Because life is too short, I decided I did not want to spend however long I have, been politically correct or proper with everything and everyone.  I don’t believe in breaking the laws.  I don’t steal, I don’t cheat people out of their money, I am not interested in owning a gun or shooting one.  I do want to stop coloring inside the lines.

I have always believed that every person has a right to be themselves and do what makes them happy.  And yet, somewhere between my 21st birthday and my 48th birthday, I followed the rules and did everything I did not believe in.  It did not make me happy, it brought up many feelings of inadequacy and it drove me nuts.  I am done playing nice.

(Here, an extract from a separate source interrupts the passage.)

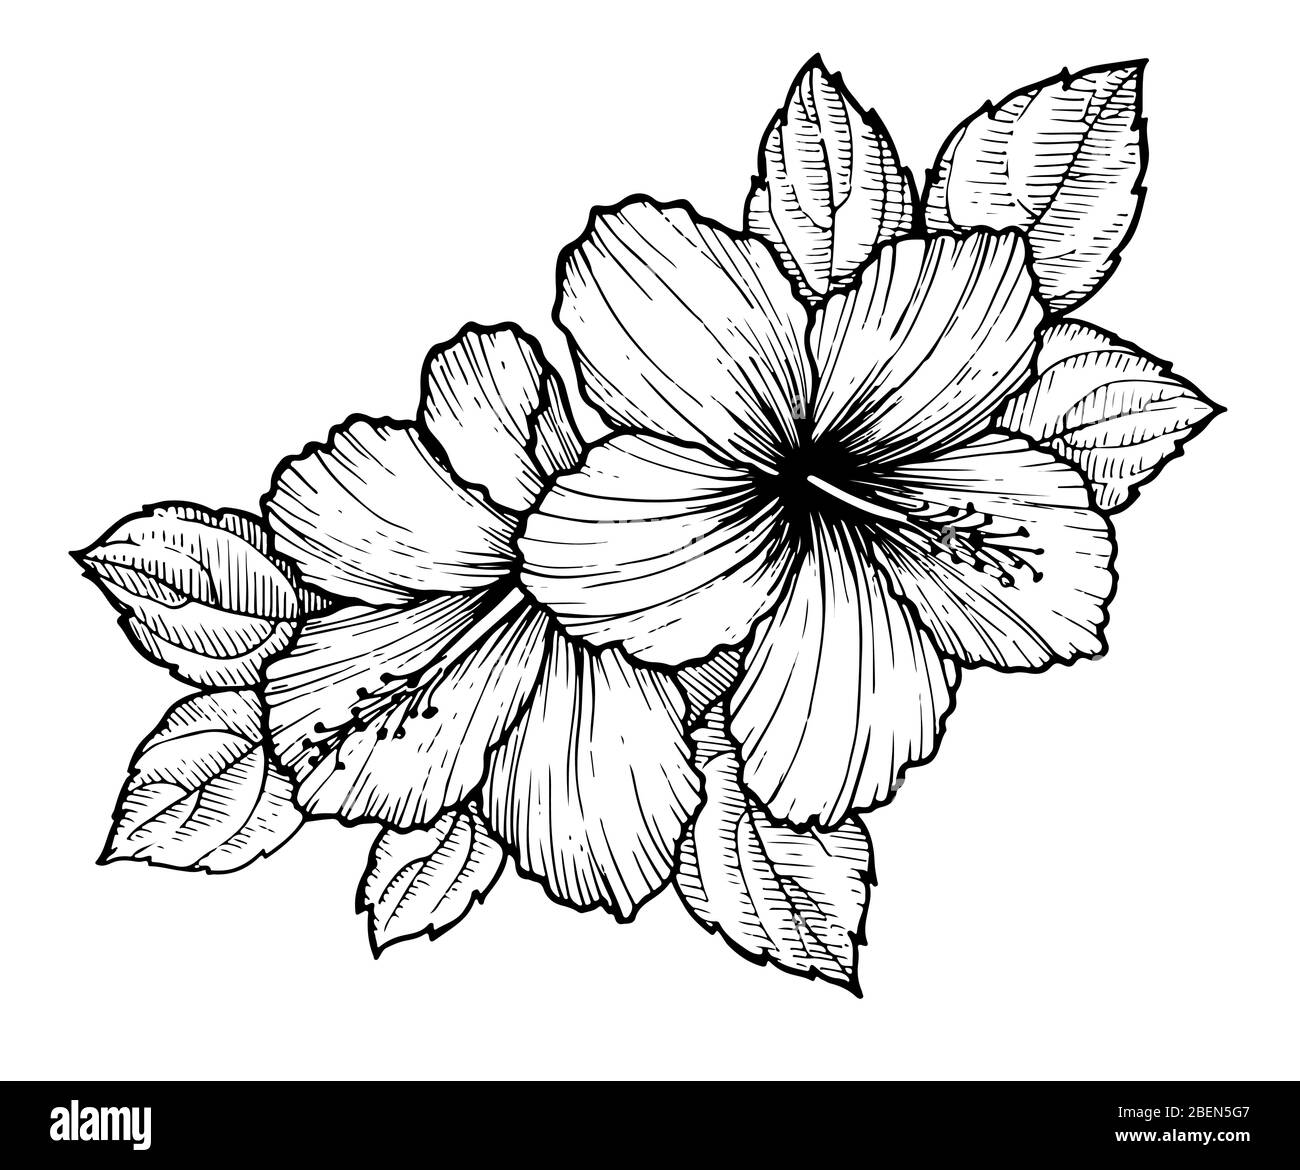 Hand drawn tropical hibiscus flower with leaves. Sketch florals on white background. Exotic blooms, engraving style for textile, surface design or ban Stock Vector
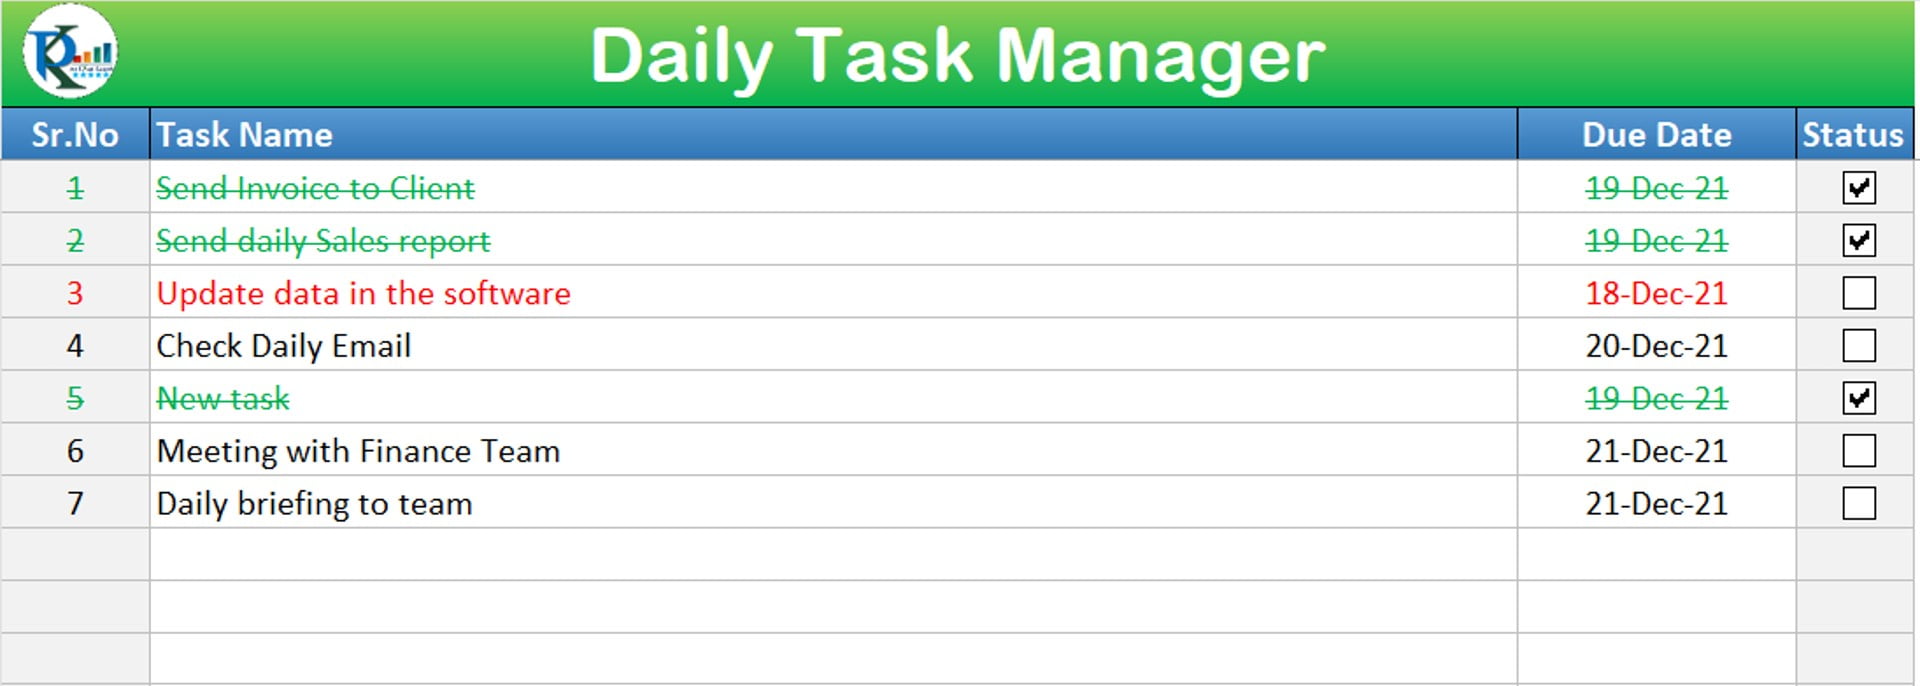 Daily Task Manager

So, what does that mean.  In the interest of full disclosure, I want to let my family and my friends know that I have every intention of telling my truth.  If you are embarrassed to have a nut job for a friend or family member, you can always say you don’t know me.  I don’t care if it embarrasses you, I care that I have probably caused half of my mental issues by trying to conform to your version of me and that has to stop.

The second thing this means is that I have no intention of purposely putting you on a spot.  Your name will not come into my page unless you say it.  I don’t have anything bad to say about my friends or family.  They are who they are and they have to stand on their truth at some point.

The third thing this means is that this is a bully free zone.  I have been bullied all my life.  From the first time some idiot called me a witch, to when I was in my teens and started dating a guy that was the property of some girl (in her head because they had broken up years before I even met them), to the time a boss decided that she was insecure and planned to destroy my career because she did not want to be discovered as the fraud she was.  All these people and many more haunted my dreams for a very long time.  I forgive those I mentioned and the many more that I did not mention in this paragraph.  Insecurity and ignorance is something that makes people do stupid things.  Unfortunately your insecurity made a hole in my heart that made me want to conform, to be normal.  That was my mistake and I cannot blame you for having that much power over me.  I gave you that much power and now I am taking it back.  Bye Philicias.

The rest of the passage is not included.